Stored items
════════════════════
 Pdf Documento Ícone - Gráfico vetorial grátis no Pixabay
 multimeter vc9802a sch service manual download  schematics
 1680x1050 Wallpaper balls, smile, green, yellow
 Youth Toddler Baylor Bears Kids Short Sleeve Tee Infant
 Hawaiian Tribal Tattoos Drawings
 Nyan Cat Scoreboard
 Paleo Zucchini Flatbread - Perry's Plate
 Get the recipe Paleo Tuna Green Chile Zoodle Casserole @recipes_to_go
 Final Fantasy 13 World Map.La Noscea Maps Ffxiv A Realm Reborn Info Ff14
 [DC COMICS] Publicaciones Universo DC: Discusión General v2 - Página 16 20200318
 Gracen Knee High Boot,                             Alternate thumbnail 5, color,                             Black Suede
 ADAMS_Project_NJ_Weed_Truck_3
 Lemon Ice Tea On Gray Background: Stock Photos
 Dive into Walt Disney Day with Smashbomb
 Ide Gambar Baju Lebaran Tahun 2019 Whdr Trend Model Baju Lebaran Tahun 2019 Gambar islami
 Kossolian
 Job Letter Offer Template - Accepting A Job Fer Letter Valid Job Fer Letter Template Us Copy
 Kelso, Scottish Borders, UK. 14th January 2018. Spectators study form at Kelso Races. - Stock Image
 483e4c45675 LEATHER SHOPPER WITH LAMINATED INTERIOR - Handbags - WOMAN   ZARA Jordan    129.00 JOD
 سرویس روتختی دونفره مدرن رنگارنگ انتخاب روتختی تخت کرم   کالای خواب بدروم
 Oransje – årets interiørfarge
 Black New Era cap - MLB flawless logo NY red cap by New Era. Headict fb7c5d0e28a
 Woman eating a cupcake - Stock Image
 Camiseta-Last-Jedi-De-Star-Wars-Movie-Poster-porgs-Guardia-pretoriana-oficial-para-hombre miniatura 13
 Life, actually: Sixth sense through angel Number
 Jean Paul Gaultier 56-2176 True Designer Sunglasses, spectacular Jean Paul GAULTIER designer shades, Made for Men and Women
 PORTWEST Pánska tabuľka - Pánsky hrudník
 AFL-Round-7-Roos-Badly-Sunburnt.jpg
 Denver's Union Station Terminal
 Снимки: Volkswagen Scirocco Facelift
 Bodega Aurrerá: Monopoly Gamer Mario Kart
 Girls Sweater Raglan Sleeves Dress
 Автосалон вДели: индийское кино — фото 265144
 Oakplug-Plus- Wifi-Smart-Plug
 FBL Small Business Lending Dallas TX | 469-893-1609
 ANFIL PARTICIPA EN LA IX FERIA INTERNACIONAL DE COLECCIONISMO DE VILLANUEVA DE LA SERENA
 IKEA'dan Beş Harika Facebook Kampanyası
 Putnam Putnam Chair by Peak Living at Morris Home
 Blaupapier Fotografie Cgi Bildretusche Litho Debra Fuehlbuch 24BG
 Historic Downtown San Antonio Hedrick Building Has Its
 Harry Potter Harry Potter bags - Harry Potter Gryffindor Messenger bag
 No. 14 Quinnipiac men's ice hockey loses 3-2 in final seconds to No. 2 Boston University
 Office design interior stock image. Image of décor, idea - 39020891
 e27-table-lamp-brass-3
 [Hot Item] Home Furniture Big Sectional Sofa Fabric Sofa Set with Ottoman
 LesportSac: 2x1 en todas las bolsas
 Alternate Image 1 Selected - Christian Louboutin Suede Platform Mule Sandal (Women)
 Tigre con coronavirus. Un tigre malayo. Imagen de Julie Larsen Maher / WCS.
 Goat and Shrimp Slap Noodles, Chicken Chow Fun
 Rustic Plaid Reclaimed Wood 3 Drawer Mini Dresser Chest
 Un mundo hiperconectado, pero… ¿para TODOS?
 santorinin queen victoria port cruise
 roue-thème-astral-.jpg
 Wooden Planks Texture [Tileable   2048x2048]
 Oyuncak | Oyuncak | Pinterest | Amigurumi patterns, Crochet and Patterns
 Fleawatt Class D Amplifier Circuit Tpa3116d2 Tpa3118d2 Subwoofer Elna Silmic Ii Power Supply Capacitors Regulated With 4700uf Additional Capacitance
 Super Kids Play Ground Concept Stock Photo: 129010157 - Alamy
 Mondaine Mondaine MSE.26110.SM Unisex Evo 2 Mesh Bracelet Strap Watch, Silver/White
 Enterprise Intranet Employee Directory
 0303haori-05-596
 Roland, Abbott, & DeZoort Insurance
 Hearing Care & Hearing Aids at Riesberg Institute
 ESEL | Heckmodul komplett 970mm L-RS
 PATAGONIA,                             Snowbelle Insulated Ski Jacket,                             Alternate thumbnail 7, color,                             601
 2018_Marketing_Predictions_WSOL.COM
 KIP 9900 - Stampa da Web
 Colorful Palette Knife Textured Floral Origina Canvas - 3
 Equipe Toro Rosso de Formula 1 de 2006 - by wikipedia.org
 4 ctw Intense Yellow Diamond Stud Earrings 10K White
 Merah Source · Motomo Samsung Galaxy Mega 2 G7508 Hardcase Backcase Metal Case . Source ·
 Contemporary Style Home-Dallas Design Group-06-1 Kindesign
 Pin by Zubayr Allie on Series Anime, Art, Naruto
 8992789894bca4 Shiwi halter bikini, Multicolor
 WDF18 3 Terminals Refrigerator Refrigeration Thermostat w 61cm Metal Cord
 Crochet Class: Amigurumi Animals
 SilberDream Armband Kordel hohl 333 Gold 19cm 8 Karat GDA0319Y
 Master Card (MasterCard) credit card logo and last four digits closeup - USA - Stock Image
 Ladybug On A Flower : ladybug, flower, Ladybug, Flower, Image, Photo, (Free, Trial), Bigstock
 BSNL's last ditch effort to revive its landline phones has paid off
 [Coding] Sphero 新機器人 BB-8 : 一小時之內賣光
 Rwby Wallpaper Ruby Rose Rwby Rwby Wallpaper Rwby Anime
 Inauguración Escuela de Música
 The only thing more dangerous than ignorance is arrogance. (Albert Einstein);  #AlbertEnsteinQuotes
════════════════════
**What you will do**.
Extract from the data every line where "para" shows up.

**Task response**.
 Camiseta-Last-Jedi-De-Star-Wars-Movie-Poster-porgs-Guardia-pretoriana-oficial-para-hombre miniatura 13
 Un mundo hiperconectado, pero… ¿para TODOS?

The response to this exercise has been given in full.